長野県は、全国でも1、2位を争う長寿県(平成12年の平均寿命 男性全国第1位、女性全国第3位)であるとともに、老人医療費も全国最低(平成11年度 全国47位)であり、少子高齢化の進展、医療費・介護などの社会負担の増大、生活習慣病の増加などの問題を抱える日本にとって、今後の「あるべき姿」の一つの例として注目されている。この状況を長野県が将来にわたって維持し続けるためには、従来の医療や疾病の早期発見、早期治療を目的とした集団検診・人間ドックのような取り組みだけでなく、個人の生活習慣を形成する運動、栄養・食生活、休養、メンタルヘルスなどの要因を総合的に管理し改善する「健康づくり」が必要である。
信州大学では、松本市における中高年者の健康スポーツ教室である松本市熟年体育大学を「信州モデル」として企画・立案し、平成9年度より、松本市及び松本市周辺の専門家、企業などと連携しながら、多くの地域住民の健康づくりを支援してきた。また、同様の取り組みを進めようとする全国の自治体、団体、企業などを対象とした「熟年体育大学実践マニュアル」の出版、一般市民向けの公開講座の開催、ホームページの公開、長野県及び松本市との「中高年者の健康スポーツ普及のための推進会議」の発足など、「信州モデル」を広めるための様々な普及活動を行ってきた。

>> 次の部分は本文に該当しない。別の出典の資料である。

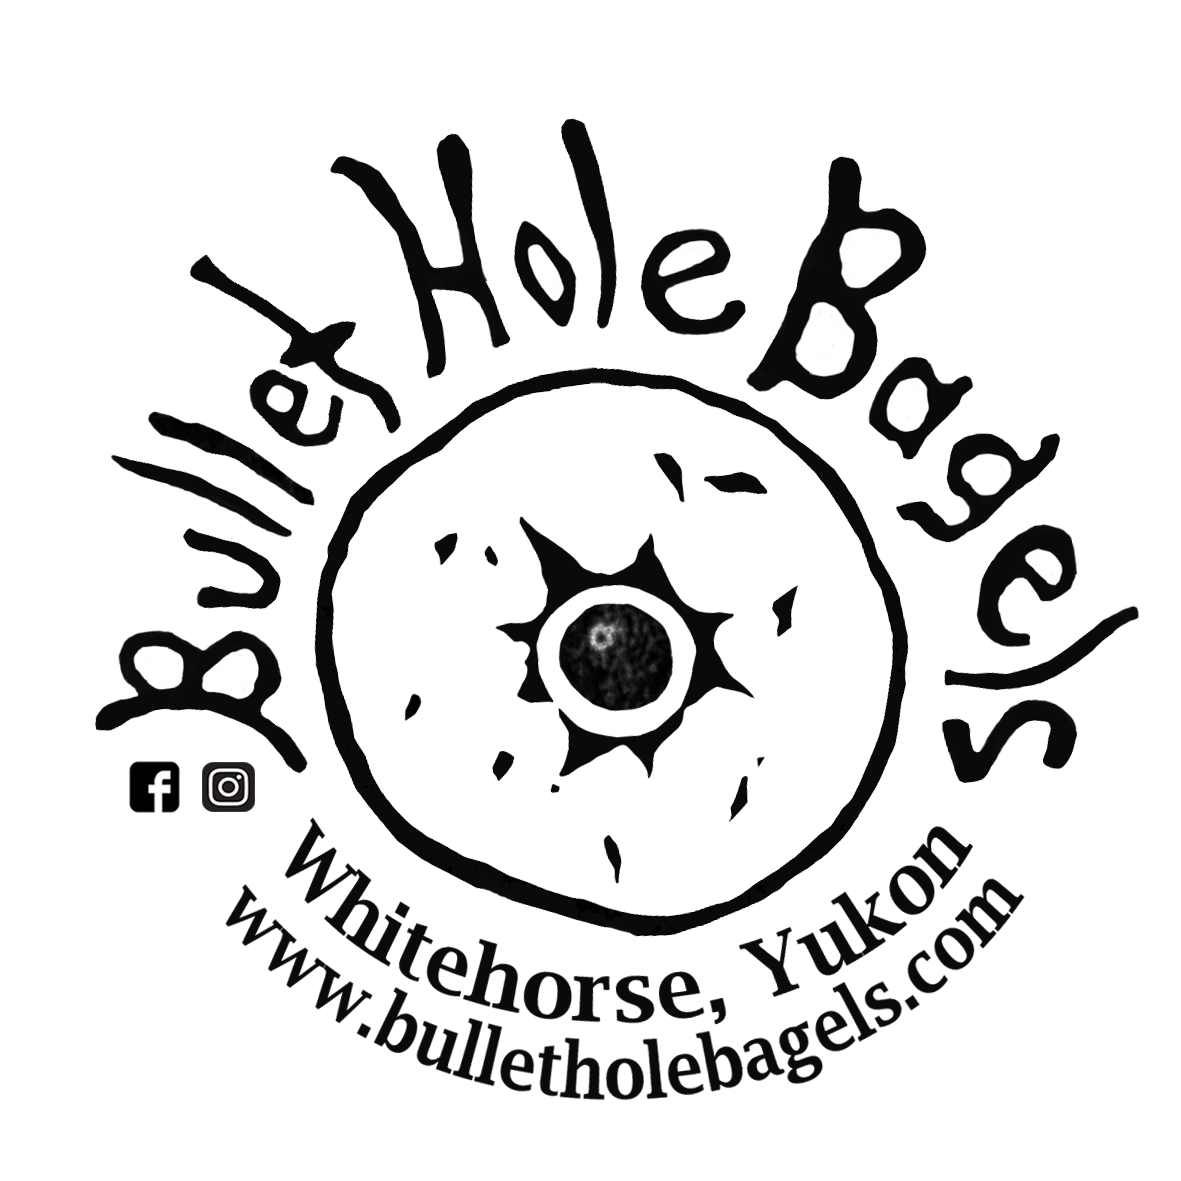 Bullet Hole Bagels

近年、個人の健康に対するニーズが多様化し、数多くの団体、組織から健康や体力を維持・増進するためのサービスが提供される中、「信州モデル」の普及活動をより一層強化・充実させるとともに、信州大学の研究成果から生まれた科学的根拠に基づく有効性の高いサービスを提供する特定非営利活動法人を設立する。
この法人は、中高年者が生きがいを持ち、楽しく毎日の生活が送れる地域コミュニティの形成に寄与することを目指して、健康増進活動を推進している自治体、団体、企業などに対し、「信州モデル」をコアにした指導事業、普及啓発事業、情報提供事業、人材育成事業などの科学的根拠に基づく健康増進(EBH:Evidence Based Health-promotion)事業を展開する。